Now all of this is just my own personal opinion on this. Your (and others') milage my vary.
Oh yeah, with regards to the idea of putting them in one crib -- we haven't tried. They're still prone to pinching and scratching each other, and flop around like a fish out of water while they're sleeping, so we've avoided it so far.
Hi K,
You must be getting tired of hearing everyone else's words of wisdom...sorry, here are mine as well!!
I remember all too well going through this with my kids. It is never easy to put your child down in a room and listen to them scream and cry. I remember thinking that they would never figure it out, and that we would never be able to see the process through to the end, but we all did. Eventually the bouts of crying got shorter and shorter, until we finally reached a time when they would fall asleep on their own, without too much fuss…most nights! I must admit though, that on any given night you never knew what you might get…even weeks (or months) later they would often fuss a little until they would settle down…I don’t think it is ever as neat and tidy a process as they write in the parenting books. And like you said, no kid likes to be left alone to go to sleep. Heck, most kids don‘t like being told to go to sleep, period!

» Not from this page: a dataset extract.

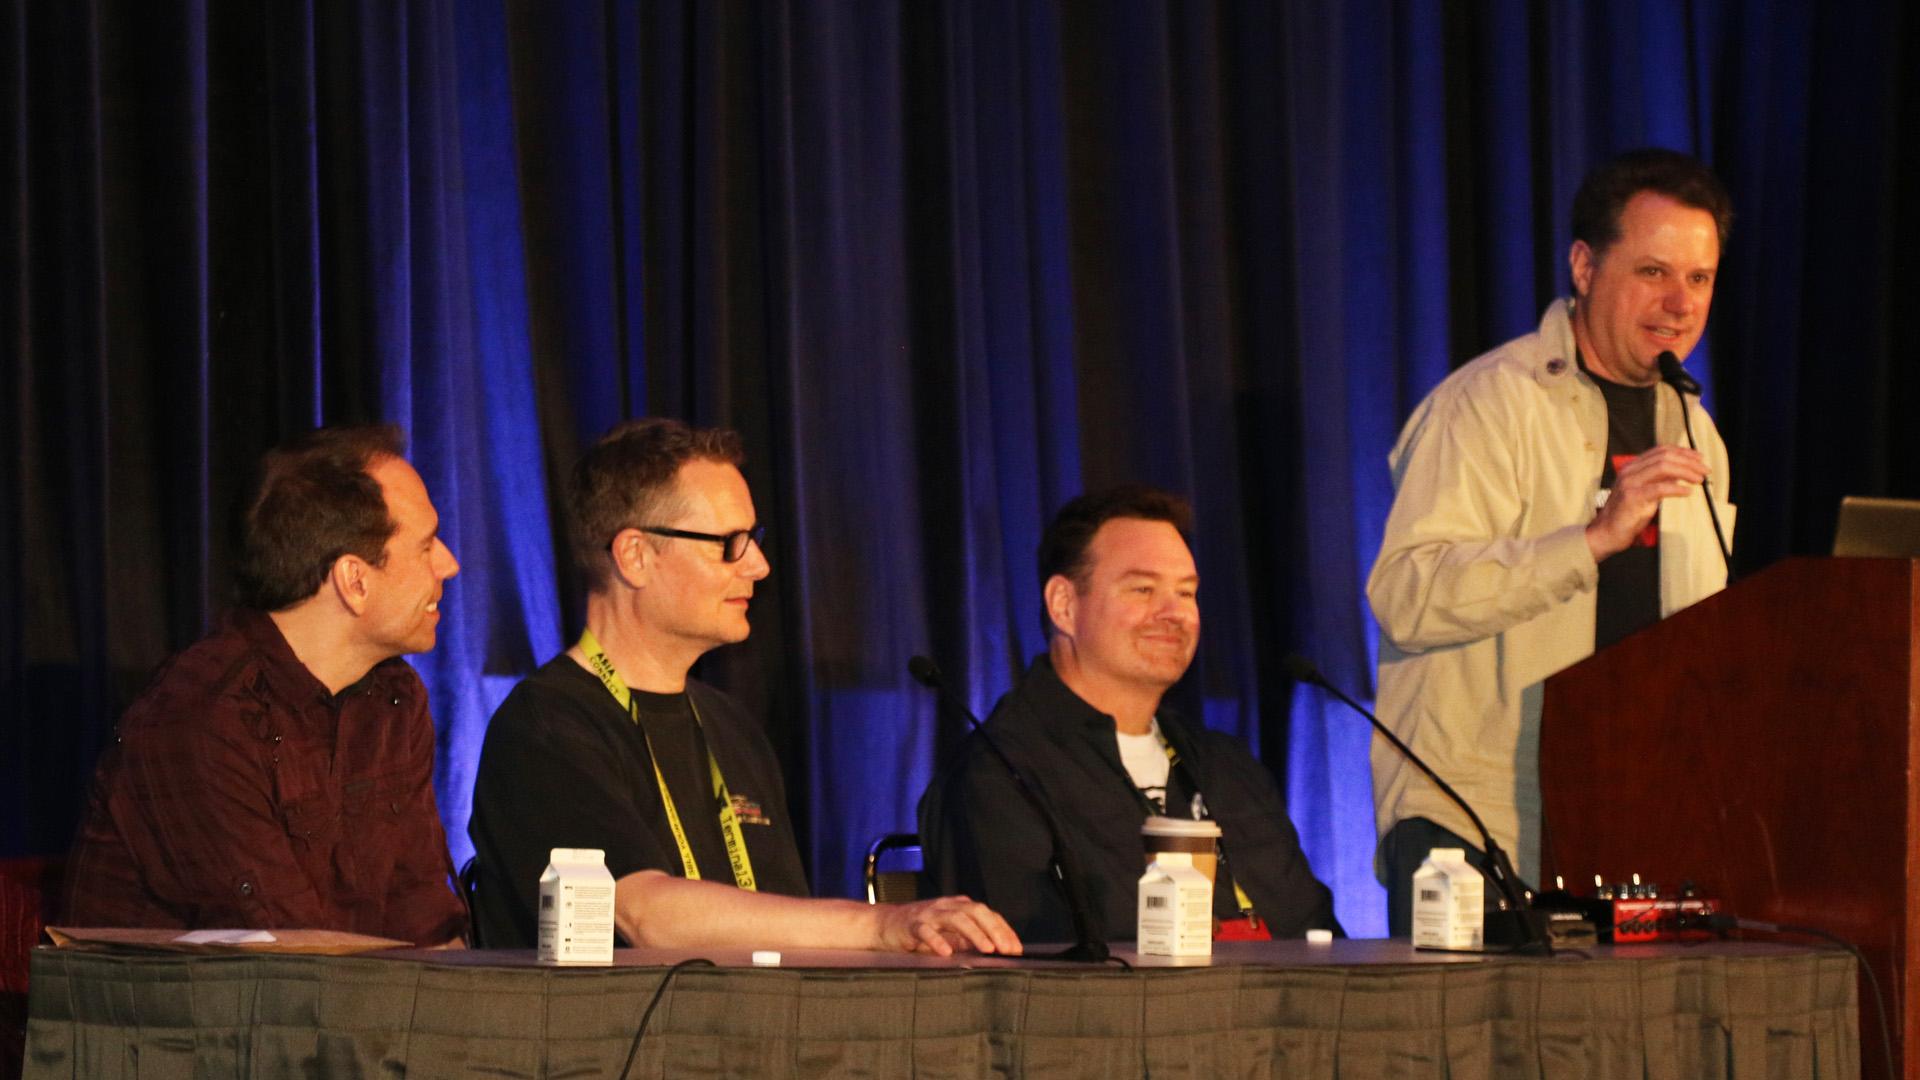 Westwood Studios: Command & Conquer rockt die GDC 2019 - Frank Klepacki, Steve Wetherill, Erik Yeo und Louis Castle auf der GDC 2019 (von links nach rechts). (Golem.de/P. Steinlechner)

Now, none of my experience is with adopted babies, so of course the many varied theories and your circumstances are most likely completely different than mine were. However, I would imagine that, since you are dealing with 2 babies at once, it is inevitable that there will be times when at least one of them will have to be left to cry. For sure when it is only either you or E’s dad at home at the time…after all, you only have two hands each! Given that, I would encourage you to not throw in the towel on this too soon if you feel it might be right for you…I am sure that the more independent they get at being left alone in their cribs and hopefully falling asleep on their own, the better things will be for all four of you. No one knows the girls better than you, and no one knows what will work best for your family -- trust your instincts! Good luck.
PS - Hope all goes well for you on your big day today!
PF
OK, now it is my turn.....
If I didn't let D cry it out a bit at night (yes, as long as 45 minutes sometimes), I am sure I would still be getting up 5 times a night with him. Children have to learn how to comfort themselves and fall asleep on their own. The child that I thought would never sleep is now a very good sleeper and very happy to be put in his bed at night.
Good luck...
SP
Okay, so we have now had two nights of both girls sleeping through the night! Yeah! And on the other nights, so far at least, only one of them has woken up, and only once, and only for a few minutes. It's great.
And with regards to putting them to bed. The screaming has let us some. They generally now are asleep in about 15 or 20 minutes, and the screaming really only lasts for less than 5 minutes. After that it is generally a bit of crying, a bit of babbling, and the occasional yell.
I've switched to having only one nap per day, and so they are more tired when they are going to their cribs to either nap and to go to bed, so they're asleep quicker.
K...
Hi K&C,
Well, I did say to keep trying different things until you find something that works for your family & girls. If this is it, then fine.
But I'm glad to hear it's usually no more than 5 minutes of screaming, followed by other stuff. I think my main reaction was to the ida of 45 minutes of screaming on a nightly basis. That would be a sign (IMHO) it wasn't working. But 5 minutes followed by calming down and sleep would seem to indicate it is working. Good for you.
Q (T's mom)
Hi again Q -- yes, it seems to be working for us. I think it may have helped, too, that I've switched them to one nap per day. They both slept through the night again last night (two nights in a row!)and last night and today at nap time, they were asleep within 7 minutes of going into their cribs. I'm liking this a lot!